For twelve consecutive days, the fox had appeared at my cottage. At no more than one minute after the sun capped the western hill, he lay down in a spot of dirt among the powdery blue bunchgrasses. Tucking the tip of his tail under his chin and squinting his eyes, he pretended to sleep. I sat on a camp chair with stiff spikes of bunchgrass poking into the canvas. Opening a book, I pretended to read. Nothing but two meters and one spindly forget-me-not lay between us. Someone may have been watching us—a dusky shrew, a field mouse, a rubber boa—but it felt like we were alone with the world to ourselves.

On the thirteenth day, at around three thirty and no later than four o’clock, I bundled up in more clothing than necessary to stay comfortably warm and went outside. Pressing my hands together as if praying, I pushed them between my knees while I sat with my feet tapping the ground. I was waiting for the fox and hoping he wouldn’t show.

Two miles up a gravel road in an isolated mountain valley and sixty miles from the nearest city, the cottage was not an appropriate arrangement for a girl on her own. My street was unnamed, so I didn’t have an address. Living in this remote spot left me without access to reasonable employment. I was many miles beyond reach of cell phone towers, and if a rattlesnake bit me, or if I slipped climbing the rocky cliff behind the cottage, no one would hear me cry for help. Of course, this saved me the trouble of crying in the first place.

I had purchased this land three years earlier. Until then I had been living up valley, renting a cabin that the owner had “winterized,” in the sense that if I wore a down parka and mukluks to bed, I wouldn’t succumb to frostbite overnight. That was what I could afford with the money I’d earned guiding backcountry hikers and teaching field classes part-time. When a university offered me a one-year research position, you might think I would have jumped at the chance to leave. Not just because I was dodging icicles when entering the shower, but because riding the postdoc train was the next logical step for a biologist. But I didn’t jump. I made the university wait until after I had bought this land. Then I accepted and rented a speck of a dormitory room at the university, 130 miles away. Every weekend, through snowstorms and over icy roads, I drove back here to camp. Perching on a small boulder, listening to my propane stove hissing and the pinging sound of grasshoppers flying headfirst into my tent’s taut surface, I felt like I was part of my land. I had never felt part of anything before. When the university position ended, I camped full-time while arranging for contractors to develop the land and build the cottage.

Outside the cottage, from where I sat waiting for the fox, the view was beautiful. Few structures marred my valley; full rainbows were common. The ends of the rainbows touched down in the rolling fields below me, no place green enough to hide a leprechaun but a fair swap for living with rattlers.
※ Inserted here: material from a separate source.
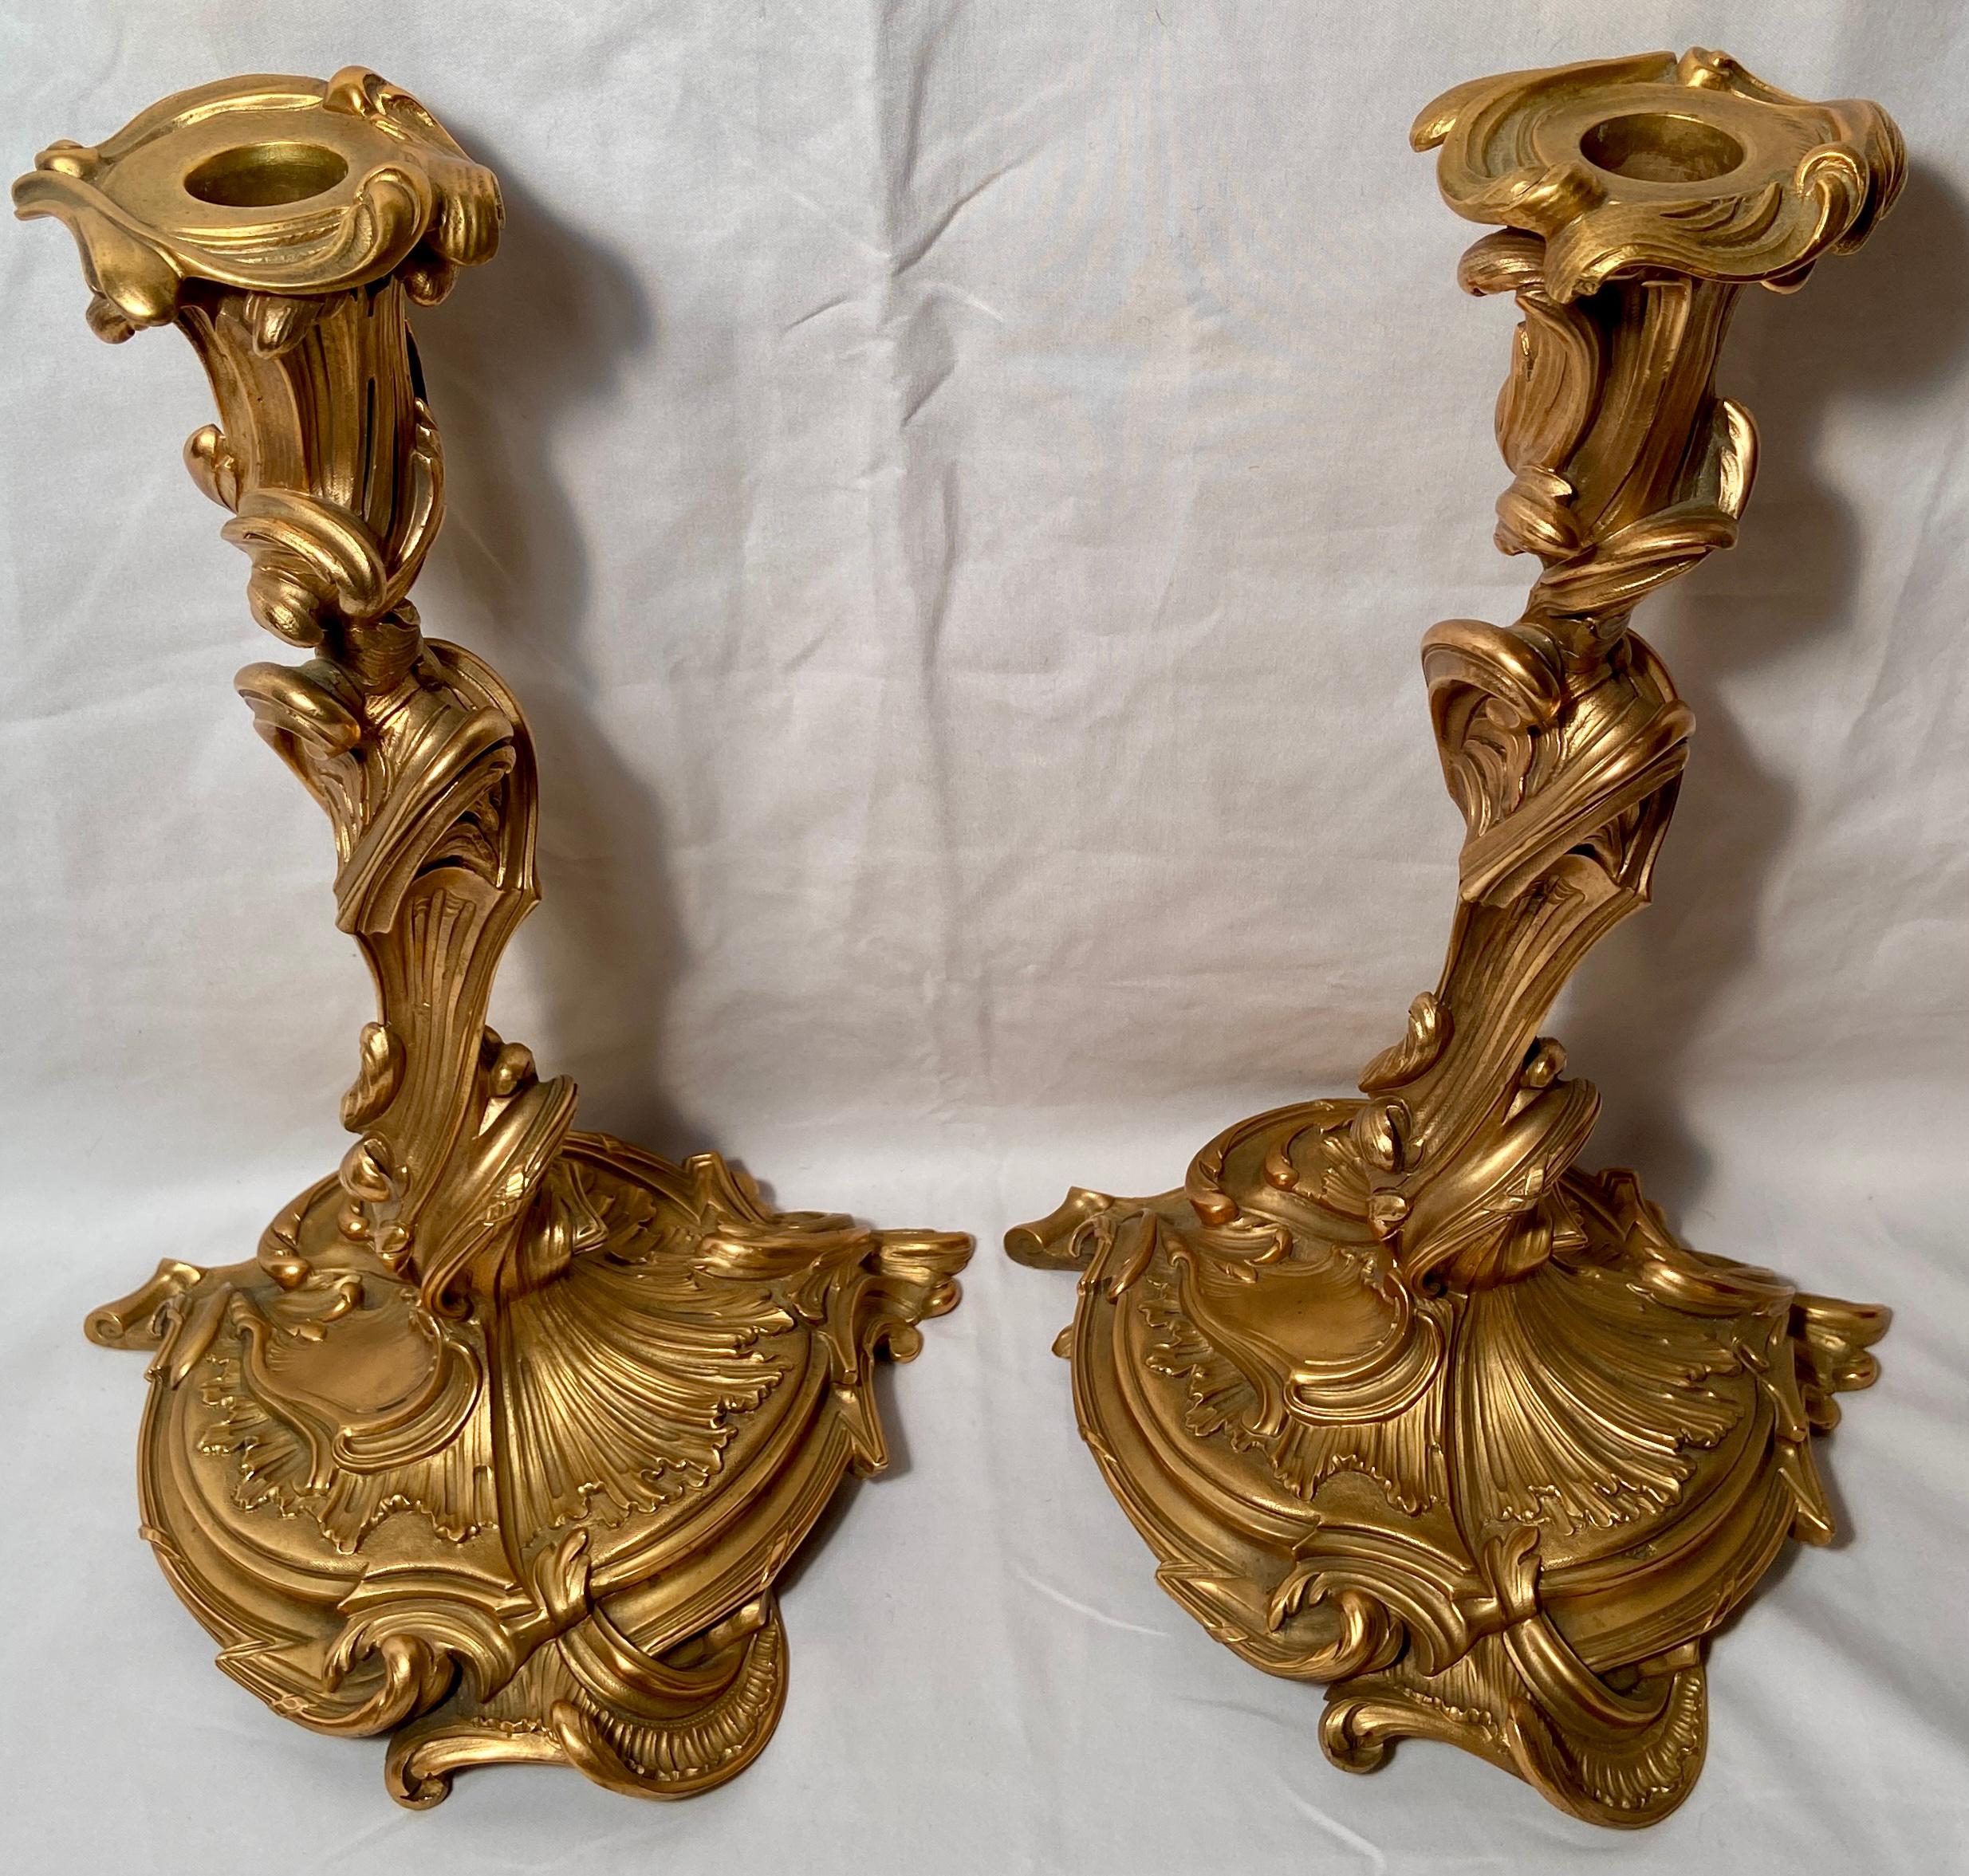 Exceptional pair antique French Ormolu candlesticks, Circa 1870-1880.

Still, I was torn. Even a full double rainbow couldn’t give me what a city could: a chance to interact with people, immerse myself in culture, and find a real job to keep me so busy doing responsible work that I wouldn’t have time for chasing a fox down a hole. I had sacrificed plenty to earn my PhD in biology: I had slept in abandoned buildings and mopped floors at the university. In exchange for which I had learned that the scientific method is the foundation for knowledge and that wild foxes do not have personalities.
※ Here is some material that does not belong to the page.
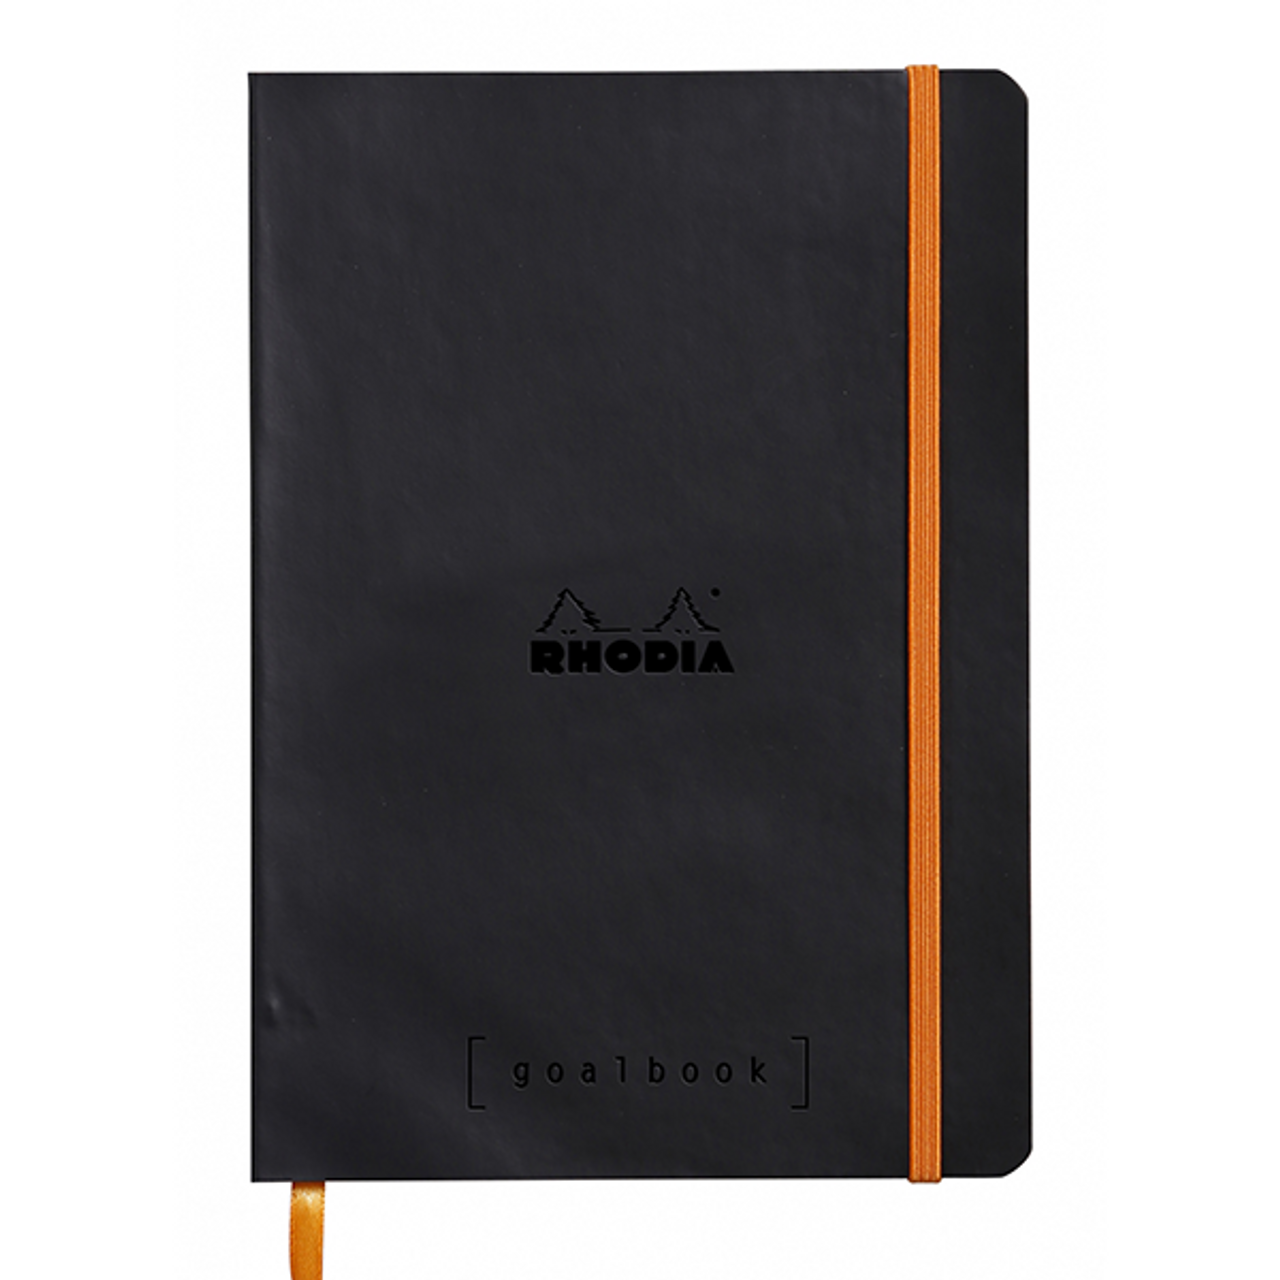 Rhodia Dot Grid Goalbook- Softcover Black - Abino Mills

When Fox padded toward me, a flute was playing a faint, hypnotic melody like the Pied Piper’s song in my favorite fairy tale. You remember: a colorfully dressed stranger appears in town, enticing children with his music to a land of alpine lakes and snowy peaks. When the fox curled up beside me and squinted, I opened my book. The music was still playing. No, it wasn’t the Pied Piper at all. It was just a bird—a faraway thrush.

*
The next day, while waiting for Fox’s 4:15 appearance, I thought about our upcoming milestone: fifteen consecutive days spent reading together—six months in fox time. Many foxes had visited before him; some had been born a minute’s walk from my back door. All of them remained furtive. Against all odds, and over several months, Fox and I had created a relationship by carefully navigating a series of sundry and haphazard events. We had achieved something worth celebrating. But how to celebrate?

I decided to ditch him.

I poured coffee grounds from a red can into a pot of boiling water, waited to decant cowboy coffee, and thought about how to lose the fox. Maybe he wouldn’t come by anymore. I opened the door of the fridge. “Have I mistaken a coincidence for a commitment?”

The refrigerator had no answer and very little food. But it gave me an idea. I drew up a list of grocery items and enough chores to keep me busy until long after 4:15 p.m. and headed out. The supermarket was in a small town thirty miles down valley, and I had to drive with my blue southern sky behind me. Ahead, black-bottomed clouds with white faces chased each other into the eastern mountains. Below, in the revolving shade, Angus cattle, lambing ewes, and rough horses conspired to render each passing mile indistinguishable from the one before. Usually, I tracked my location counting bends in the snaky river, my time watching the clouds shift, and my fortune spotting golden eagles. (Seven was my record; four earned a journal entry.) Not today.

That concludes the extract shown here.